Information provided:
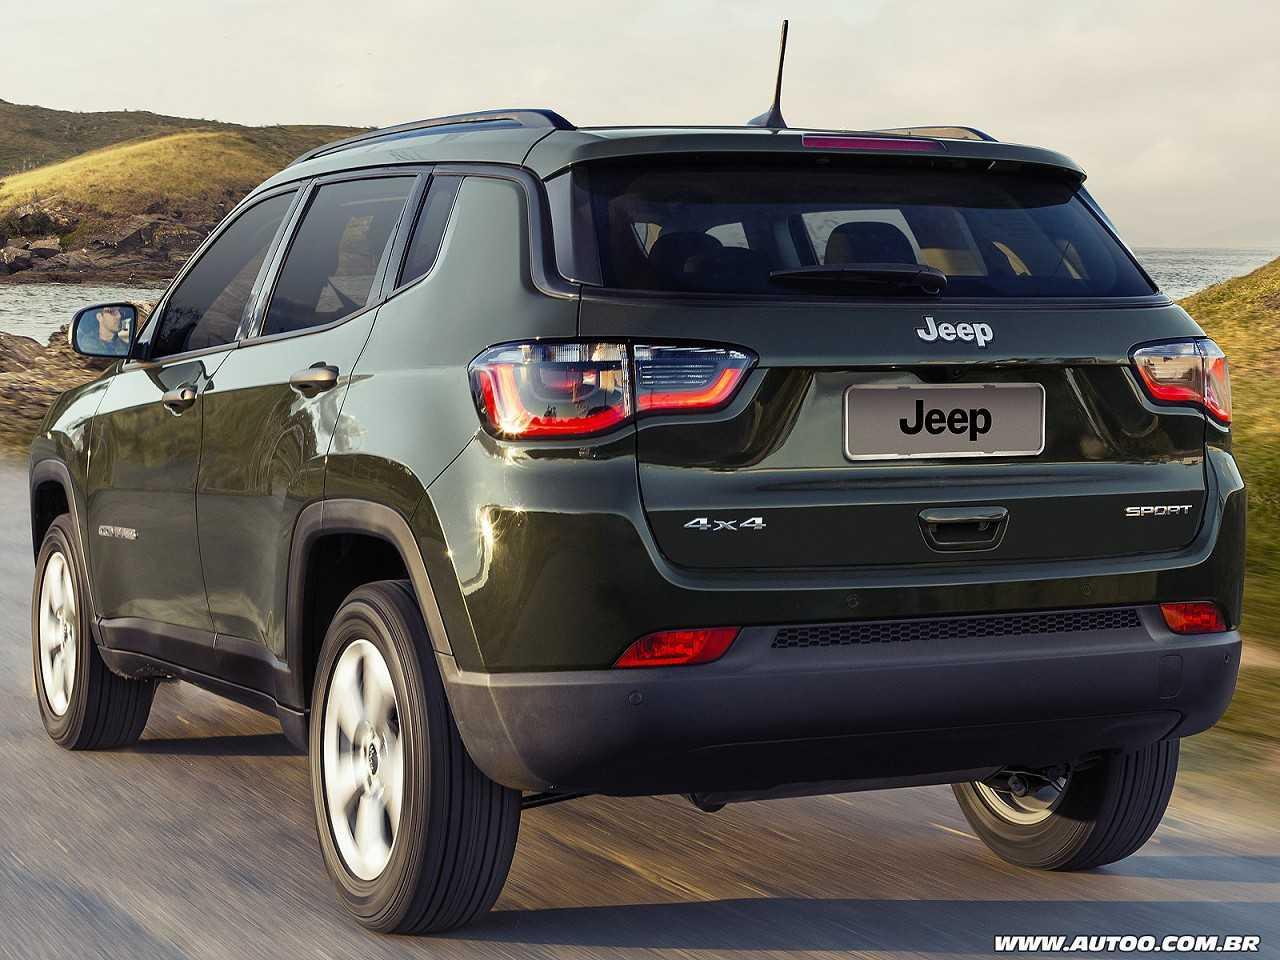 JeepCompass 2018 - ângulo traseiro
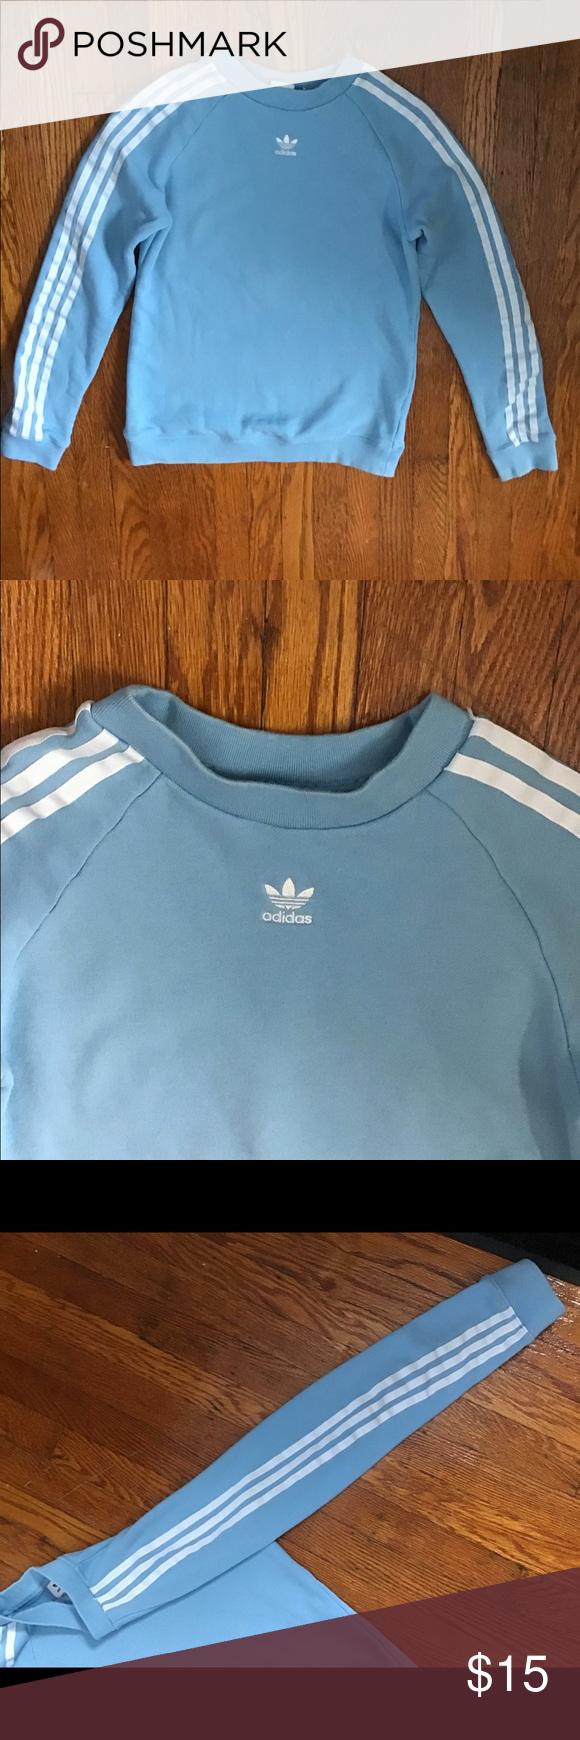 Light Blue Adidas Sweatshirt Sweatshirts Adidas Sweatshirt Blue Adidas [ 1740 x 580 Pixel ]
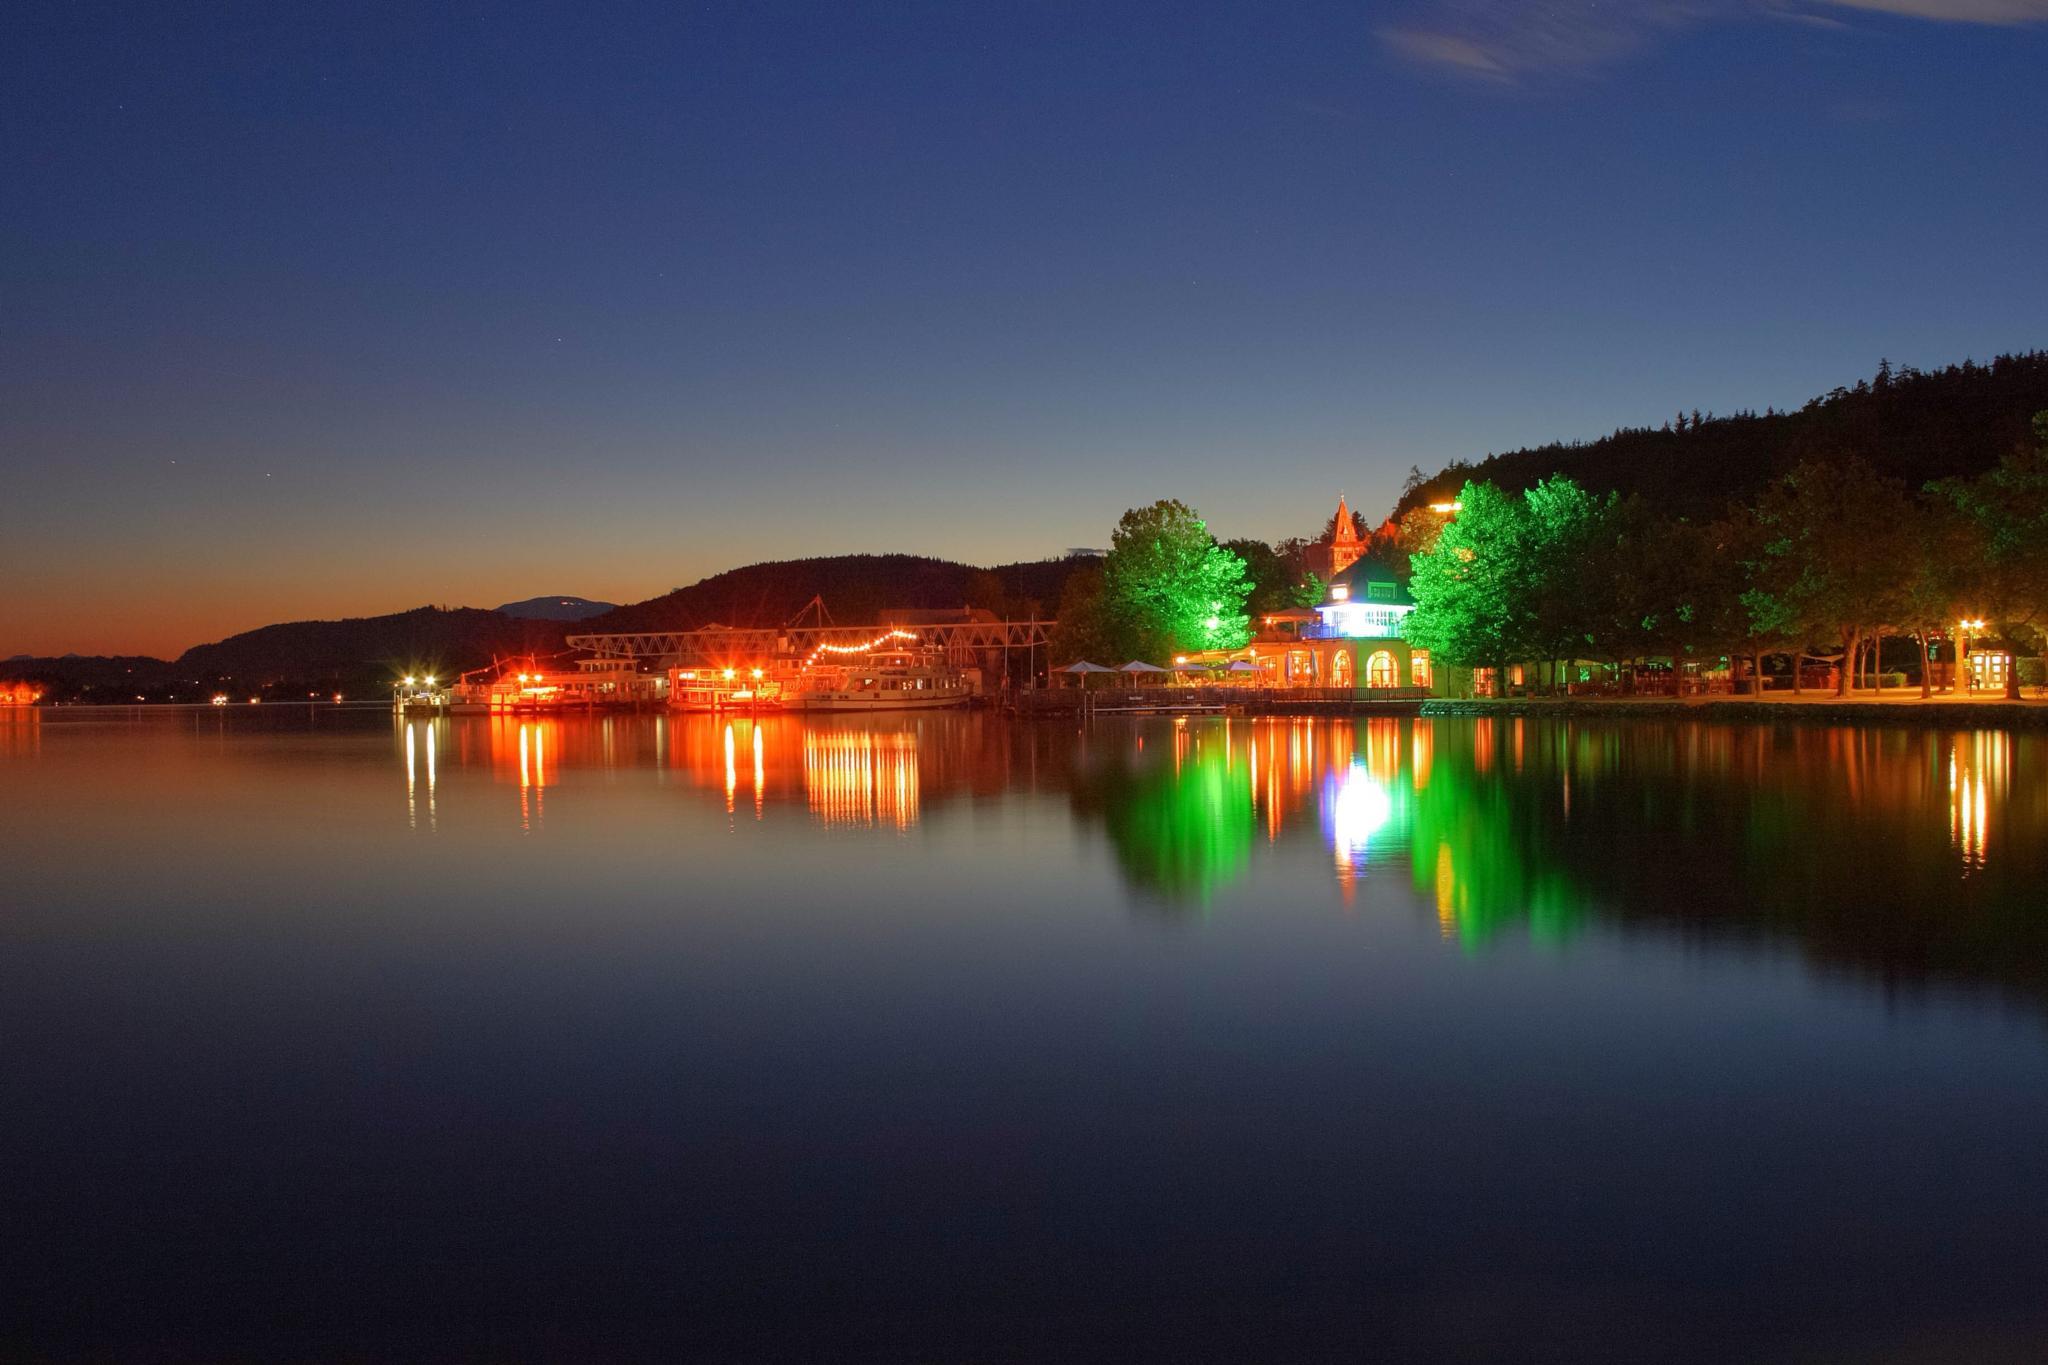 Harbor Klagenfurt by werner gruse
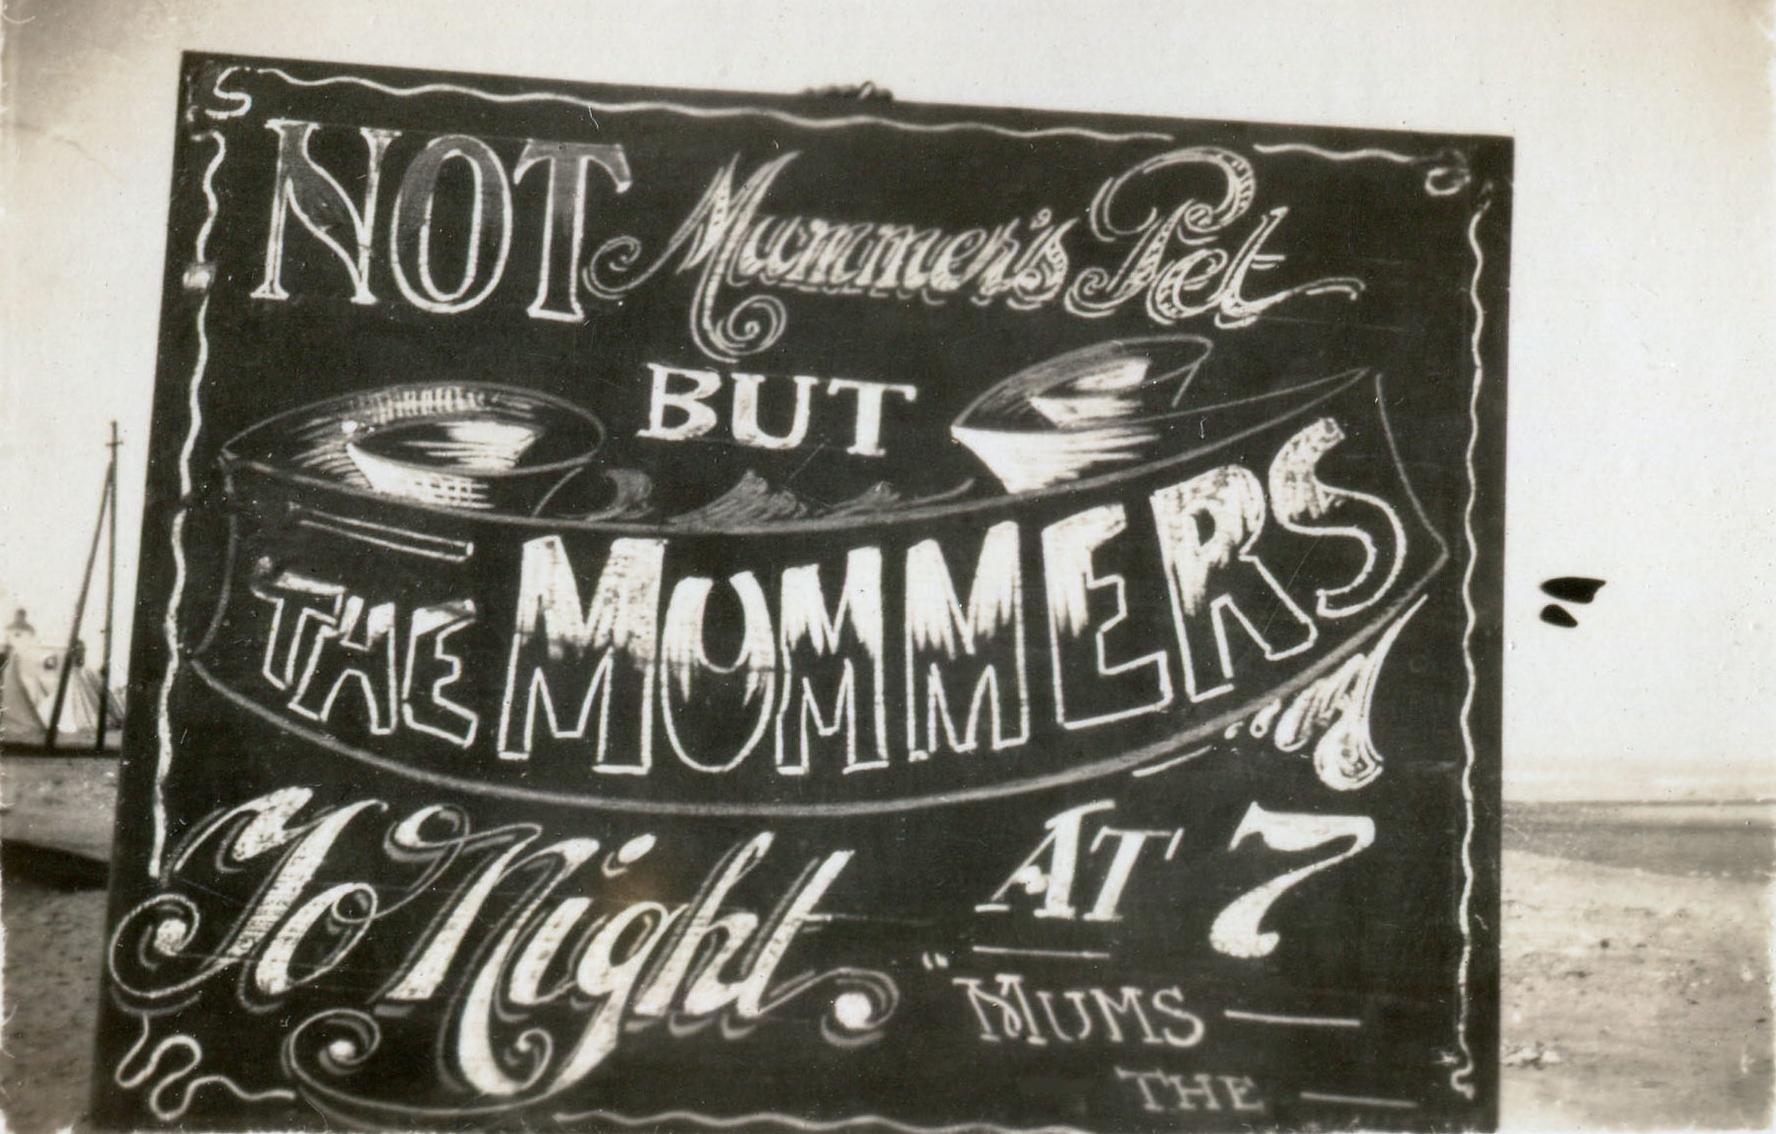 reg walters089 The Mummers.jpg

Task to carry out: Give back exactly the lines from the line with "Light Blue Adidas" through the end of the material above, inclusive, with no pictures.

Completed exercise:
 Light Blue Adidas Sweatshirt Sweatshirts Adidas Sweatshirt Blue Adidas [ 1740 x 580 Pixel ]
 Harbor Klagenfurt by werner gruse
 reg walters089 The Mummers.jpg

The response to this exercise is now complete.